Il suit de là que nous avons vu de fort honnêtes gens malmenés (au nom de l’Empereur, qui n’en savait rien) pour avoir dit loyalement ce qu’ils pensaient. Or, le plus patient des hommes est enclin à se révolter contre la force. On se met en colère, on va trop loin, on est conduit nécessairement à viser haut, puisque les basses et moyennes régions du pouvoir sont couvertes par la responsabilité impériale, et l’on devient impossible, malgré soi.

Un fonctionnaire se dit, avec juste raison : J’appartiens corps et âme au gouvernement qui me paye ; quoi qu’il décide, il a raison pour moi ; je suis tenu de lui prêter les mains, ou de rentrer dans la vie privée.
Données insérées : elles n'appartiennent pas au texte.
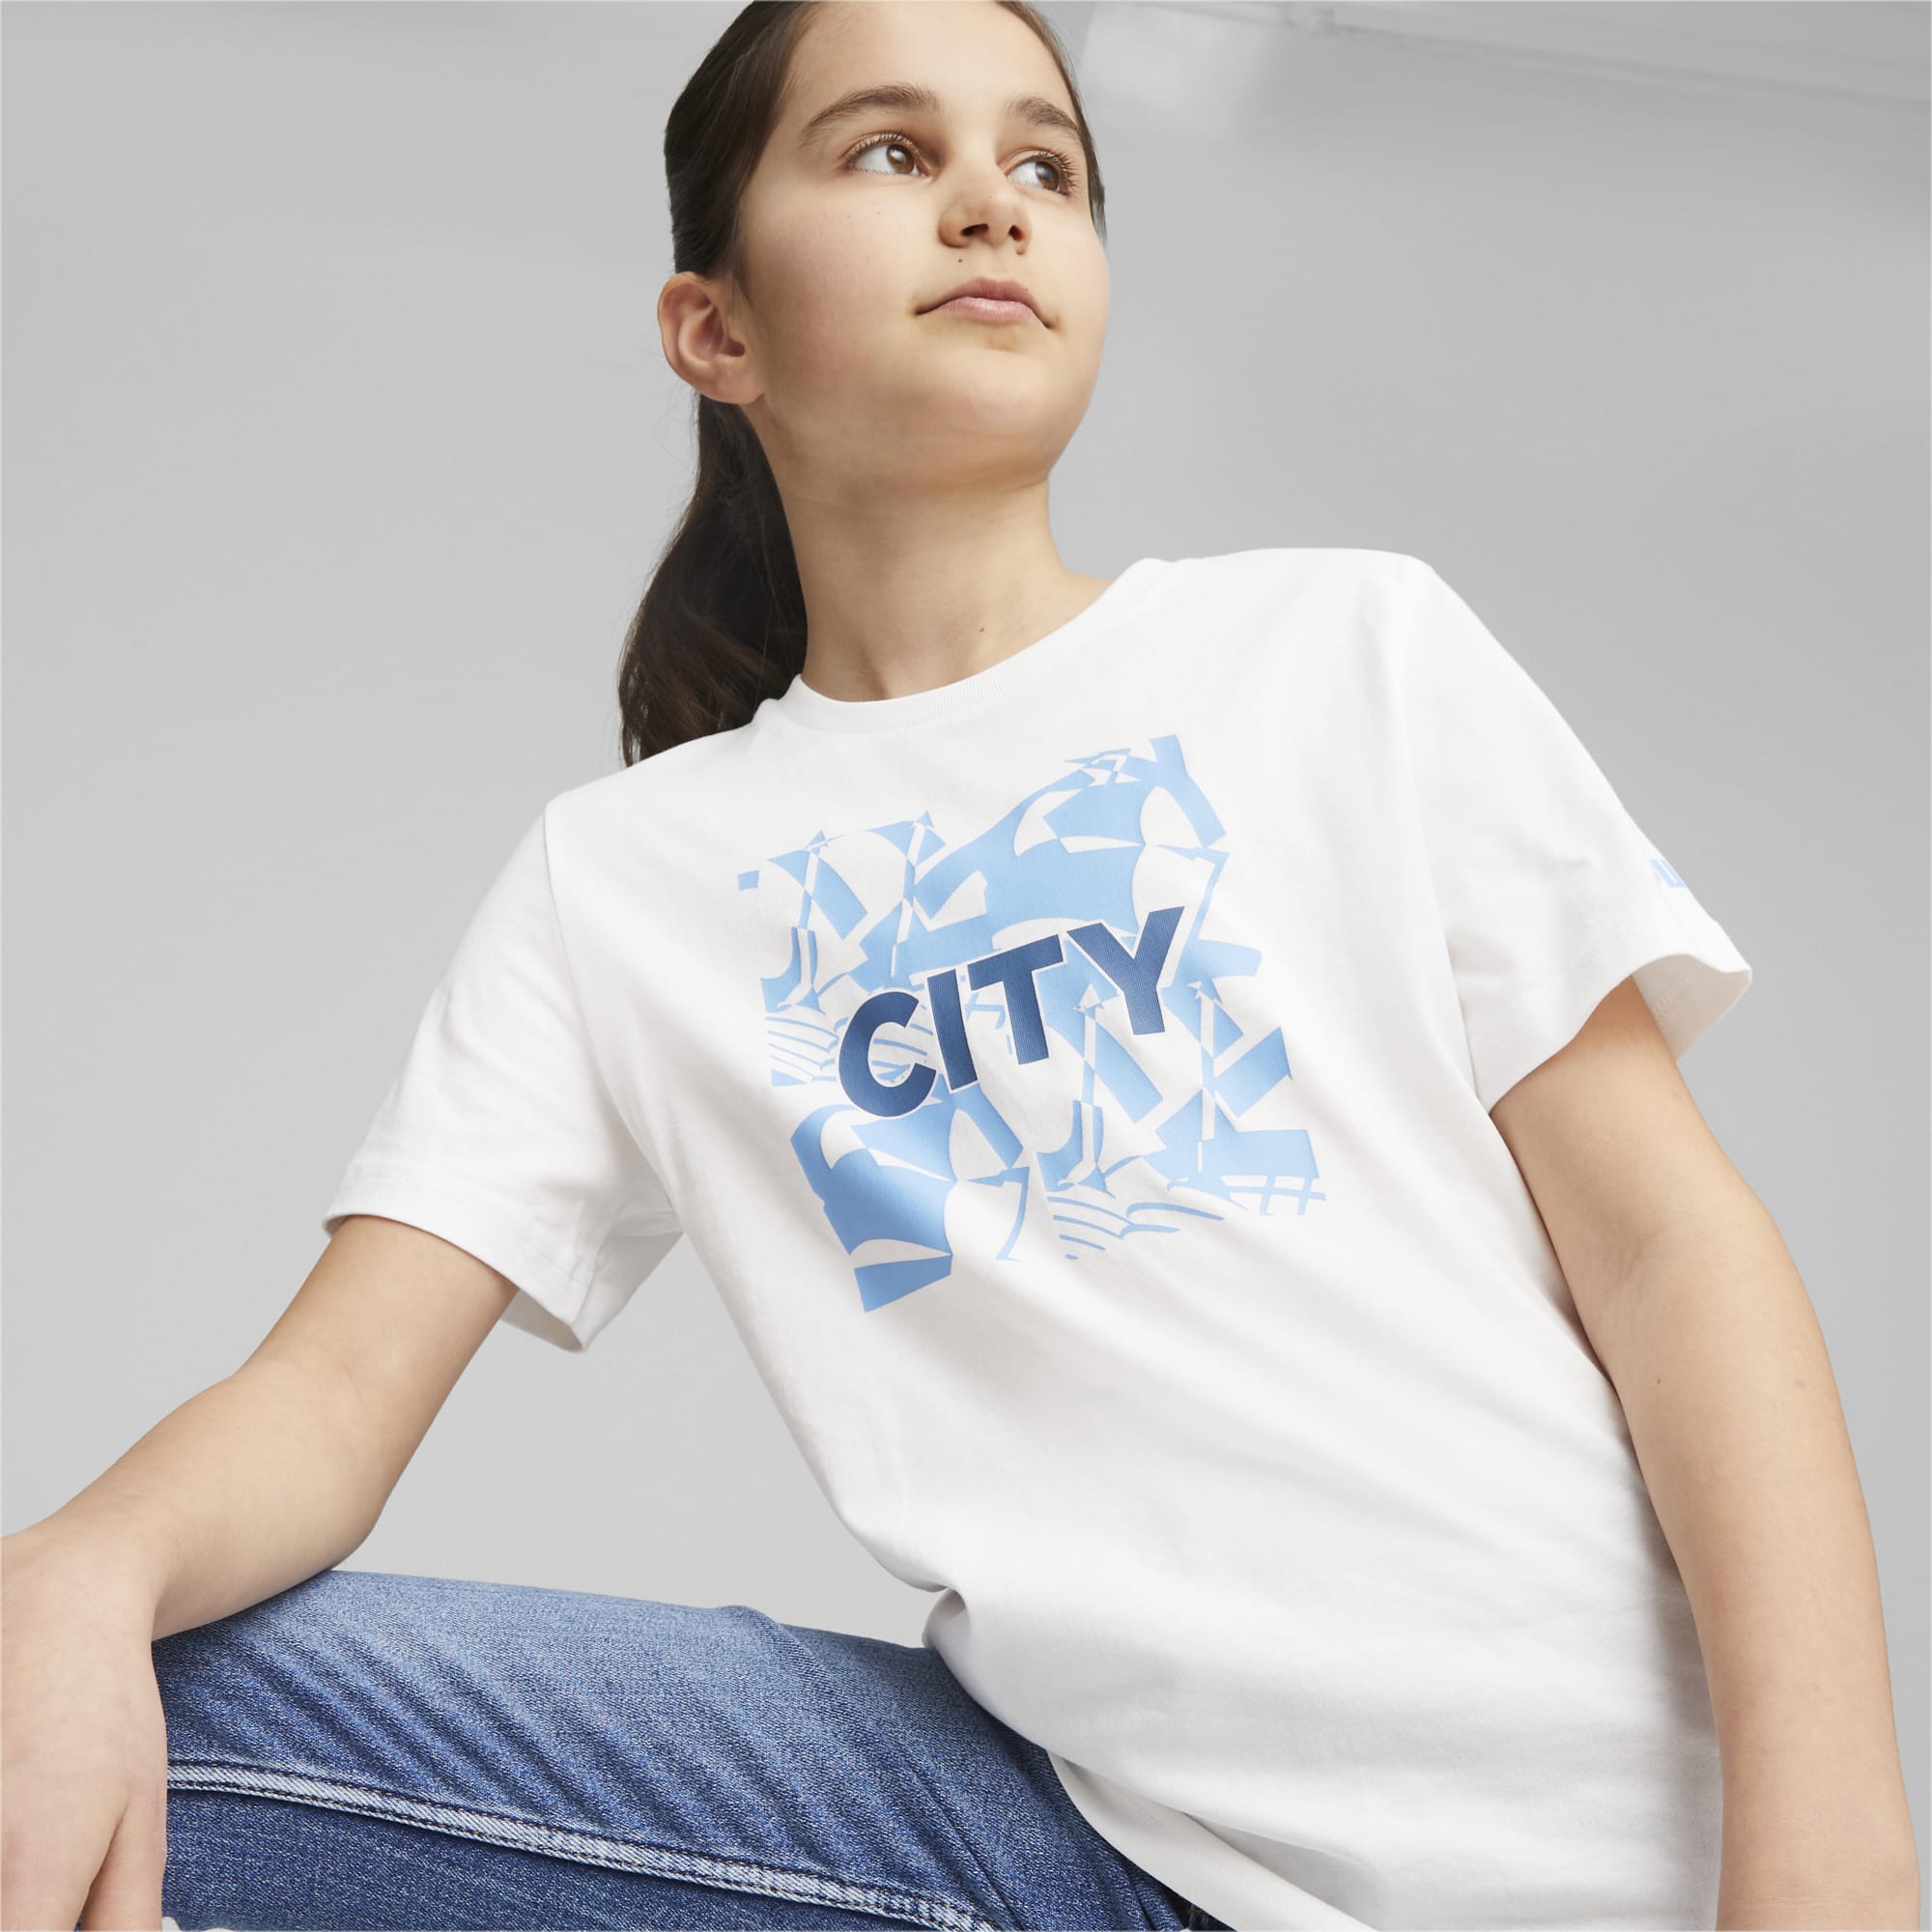 PUMA Manchester City Ftblcore Youth Graphic T-Shirt, White/Light Blue

Mais la funeste erreur des fonctionnaires impériaux est d’appliquer le même raisonnement à tous les citoyens du pays. « M. un tel est d’accord avec nous sur quatre-vingt-dix-neuf questions, mais il ose trancher sur la centième avec indépendance. Si j’agissais ainsi, je serais un mauvais fonctionnaire : donc, M. un tel est un mauvais citoyen. »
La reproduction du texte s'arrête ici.